Hoogkarspel (West Frisian: Hougkarspel) is a village in the municipality Drechterland, located in the north west of the Netherlands, in the province of North Holland and the region of West-Frisia. The name derives from the words hoog (Dutch for "high") and kerspel, a Middle Dutch word for parish.

Hoogkarspel was a separate municipality until 1979, when it was merged into the new municipality of Bangert, which has been renamed to Drechterland in 1980.

==Transportation==
There is a railway station, Hoogkarspel, with half-hourly connections to Hoorn, Amsterdam and Enkhuizen.

== Archeology ==
The so-called Hoogkarspel culture is an important part of the Elp culture, a culture of the Bronze Age dating from approx. 1800-800 BC. In the 1960s remains were found of a tumulus behind the Hoogkarspel water tower, and remains of an agricultural settlement were discovered in the 1970s, dating from 1000 BC. Two periods are identified, Hoogkarspel-I (1400-1100 cal BC) and Hoogkarspel-II (800-400 cal BC).
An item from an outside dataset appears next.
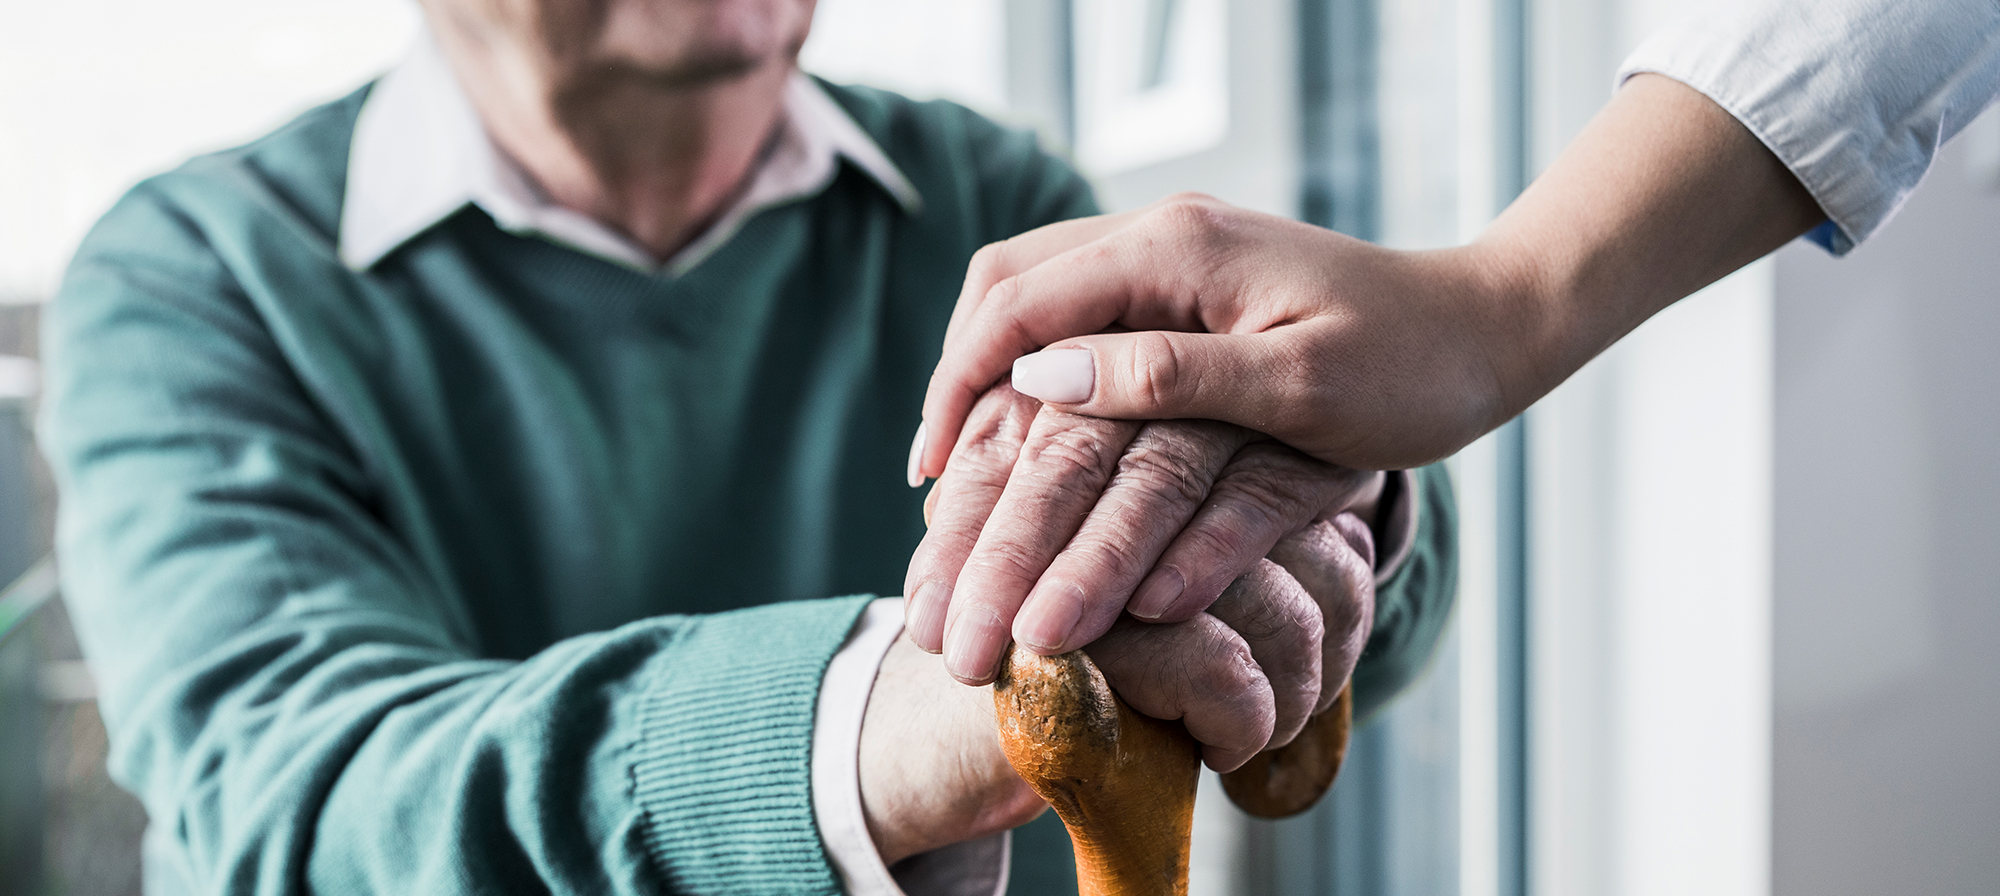 11 Ways to Play a Supporting Role as a Caregiver
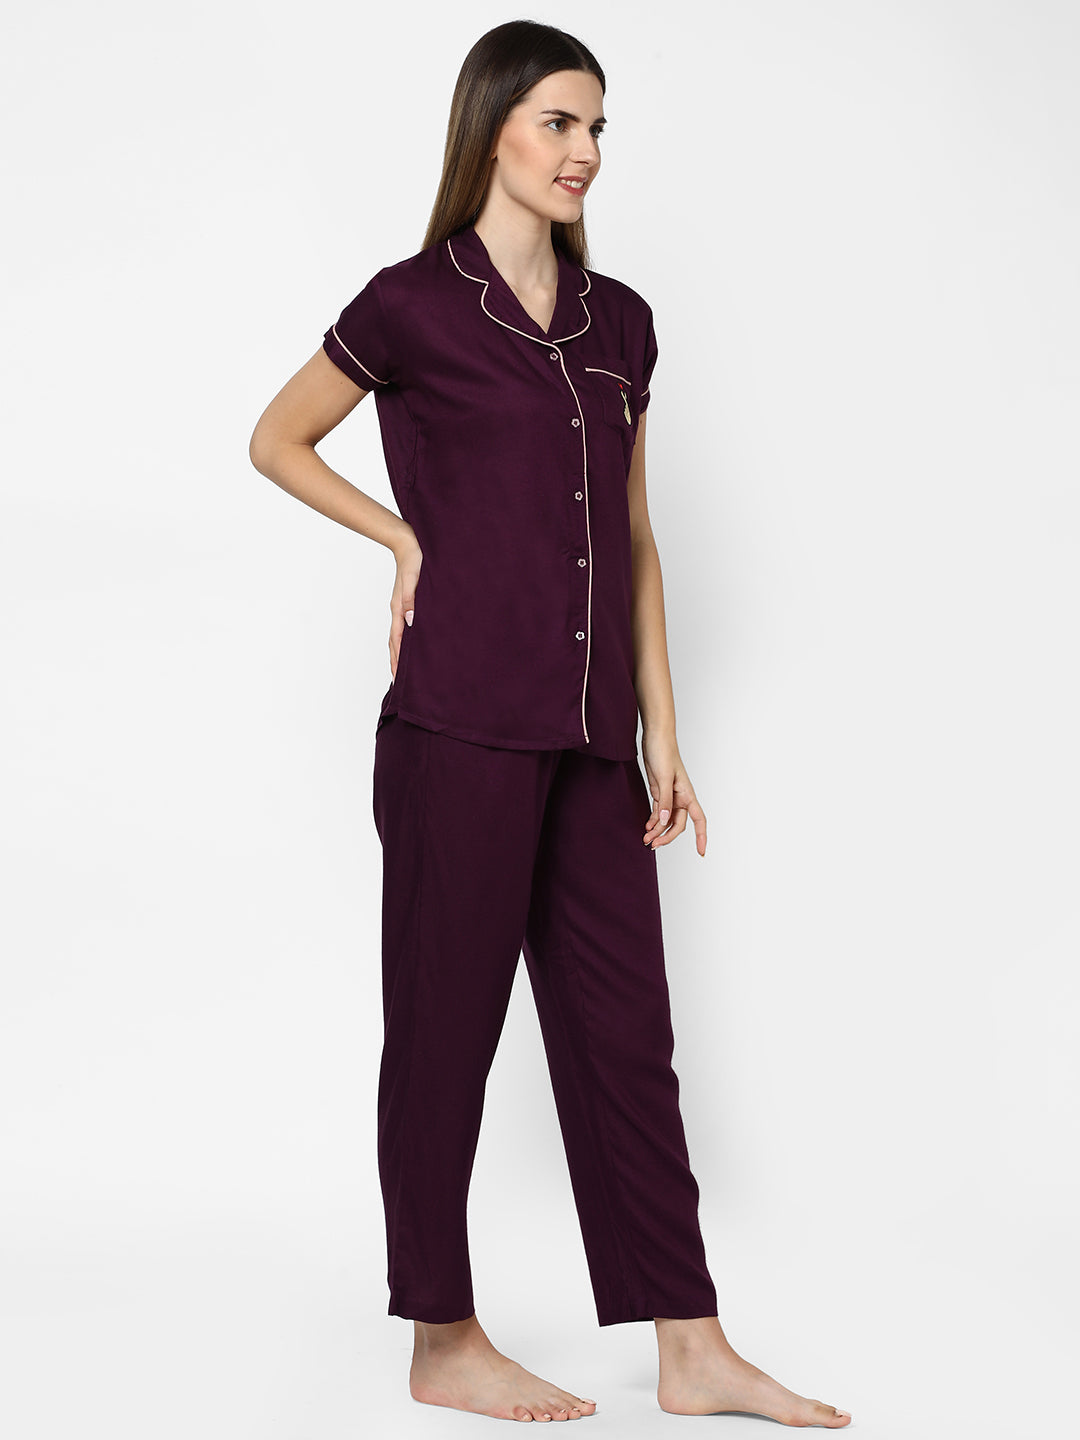 Evolove Pyjamas Top Pants Set for Women for Daily Use Winter Night Wear with Pockets Buttons Elastic Waist Viscose Liva Super Soft Comfortable ( S to 2XL Size )

Earthenware found in the area is divided into old and young, following the influential publication by R. W. Brandt in 1988.

South-west of the former "Medemblikker Tolhuis" (Medemblik tollbooth) remains of a mound from the late Bronze Age were found. The Medemblik tollbooth was a tollbooth next to a well maintained road to the city Medemblik, and this road still exists.